= Matt Houlbrook =

British academic historian

Matt Houlbrook, is a British academic historian who is Professor of Cultural History at the University of Birmingham.

== Career ==
Houlbrook grew up in South Humberside, near Scunthorpe, and studied history at the University of Cambridge (graduating with a Bachelor of Arts degree) before completing his doctorate (PhD) at the University of Essex in 2002, for a thesis entitled "A sun among cities": space, identities and queer male practices, London 1918–57. He then spent three years as a Junior Research Fellow at New College, Oxford, and then five years at the University of Liverpool. In 2008 he was appointed a Fellow at Magdalen College, Oxford, where he taught history until his move to the University of Birmingham in 2013; as of 2025, he is Professor of Cultural History there.

== Research ==
Houlbrook's work focuses on the cultural history of modern Britain, with particular reference to sexuality, the city, gender and selfhood.

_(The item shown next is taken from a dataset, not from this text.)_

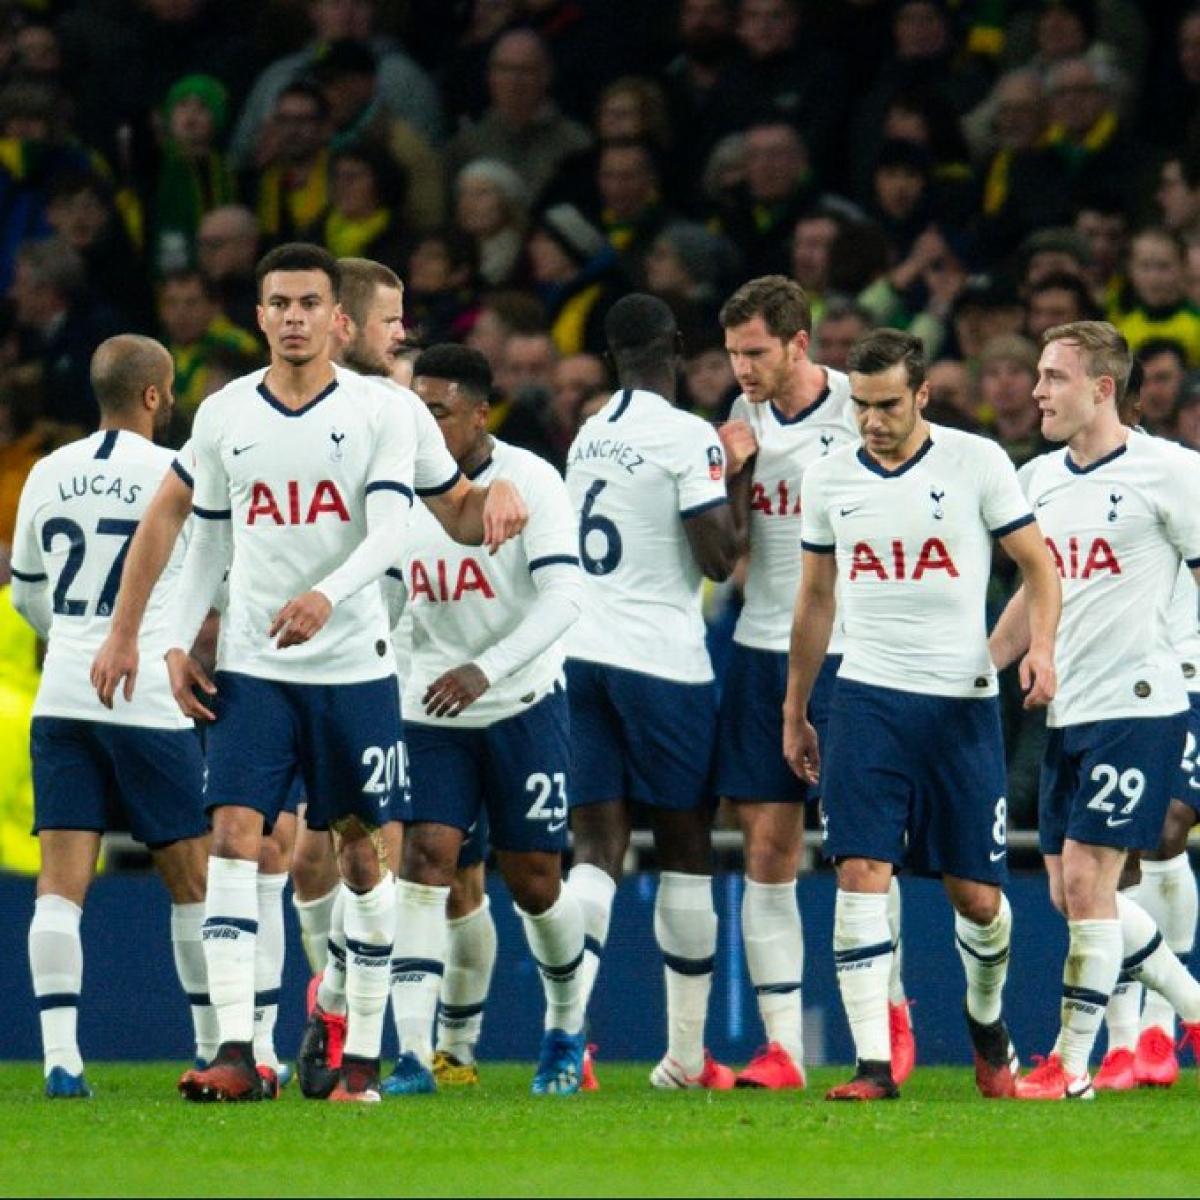 FA Cup: Tottenham Hotspurs crash out; Man City, Leicester advances to quarter-finals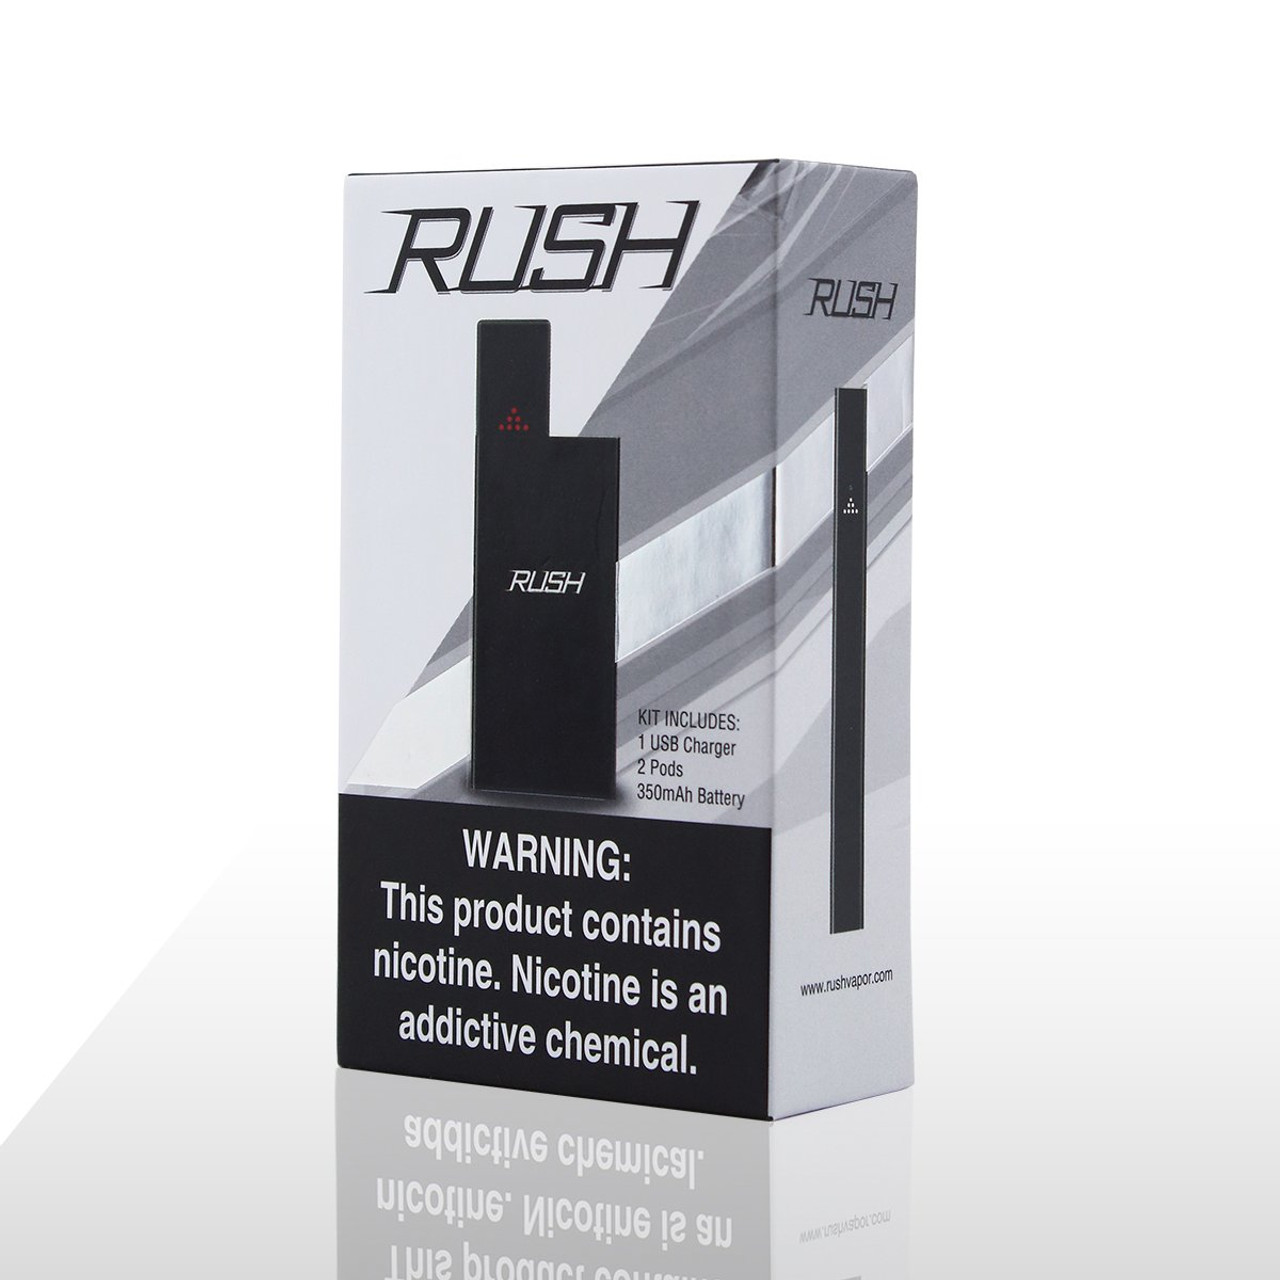 RUSH Starter Kit & Pods

His work has looked at the intersection between urban spaces and sexual identities, as well as the connections between cosmetics, consumer culture, sexuality and the law. His publications include:

=== Books ===
- Queer London: Perils and Pleasures in the Sexual Metropolis, 1918–57 (University of Chicago Press, 2005).
- (edited with H. G. Cocks) Palgrave Advances in the Modern History of Sexuality (Palgrave, 2005).
- (edited with Sarah Newman) The Press and Popular Culture in Interwar Europe (Routledge, 2014).

=== Journals ===
- (with Sarah Newman) "Introduction: The Press and Popular Culture in Interwar Europe", Journalism Studies, vol. 14, issue 5 (2013).
- "Thinking queer: The social and the sexual in Interwar Britain", in Brian Lewis (ed.), British Queer History: New Approaches and Perspectives (Manchester: Manchester University Press, 2013).
- "Commodifying the self within: ghosts, libels and the crook lifestory in Interwar Britain", Journal of Modern History, vol. 85, issue 2 (2013), pp. 321–63.
- "Fashioning an ex-crook self: citizenship and criminality in the work of Netley Lucas", Twentieth Century British History, vol. 24, issue 1 (2013), pp. 1–30.
- "A pin to see the peep show: culture, fiction and selfhood in the letters of Edith Thompson", Past and Present, vol. 207 (2010), pp. 251–49.
- "Daring to speak whose name? queer cultural politics: 1920–1967", in Marcus Collins (ed.), The Permissive Society and its Enemies (Rivers Oram, 2008).
- "The man with the powder puff in Interwar London", Historical Journal, vol. 50, issue 1 (2007), pp. 145–71.
- (with Chris Waters) "The heart in exile: detachment and desire in 1950s London", History Workshop Journal, vol. 62 (2006).
- "Introduction" and "Cities", in H. G. Cocks and Matt Houlbrook (eds.), Palgrave Advances in the Modern History of Sexuality (Palgrave, 2005).
- "Sexing the history of sexuality", History Workshop Journal, vol. 60, issue 1 (2005), pp. 216–22.
- "Soldier heroes and rent boys: homosex, masculinities and Britishness in the Brigade of Guards: c. 1900–1960", Journal of British Studies, vol. 42, issue 3 (2003), pp. 351–88.
- "'Lady Austin's camp boys': constituting the queer subject in 1930s London", Gender and History, vol. 14, issue 1 (2002), pp. 31–61.
- "Towards a Historical Geography of Sexuality", Journal of Urban History, vol. 2, issue 4 (2001), pp. 497–504.
- "For Whose Convenience? Gay Guides, Cognitive Maps and the Construction of Homosexual London: 1917–1967", in Simon Gunn and R. J. Morris (eds.), Identities in Space: Contested Terrains in the Western City since 1850 (Ashgate, 2001), pp. 165–186.
- "The private world of public urinals: London 1918–1957", London Journal, vol. 25, issue 1 (2000), pp. 52–70.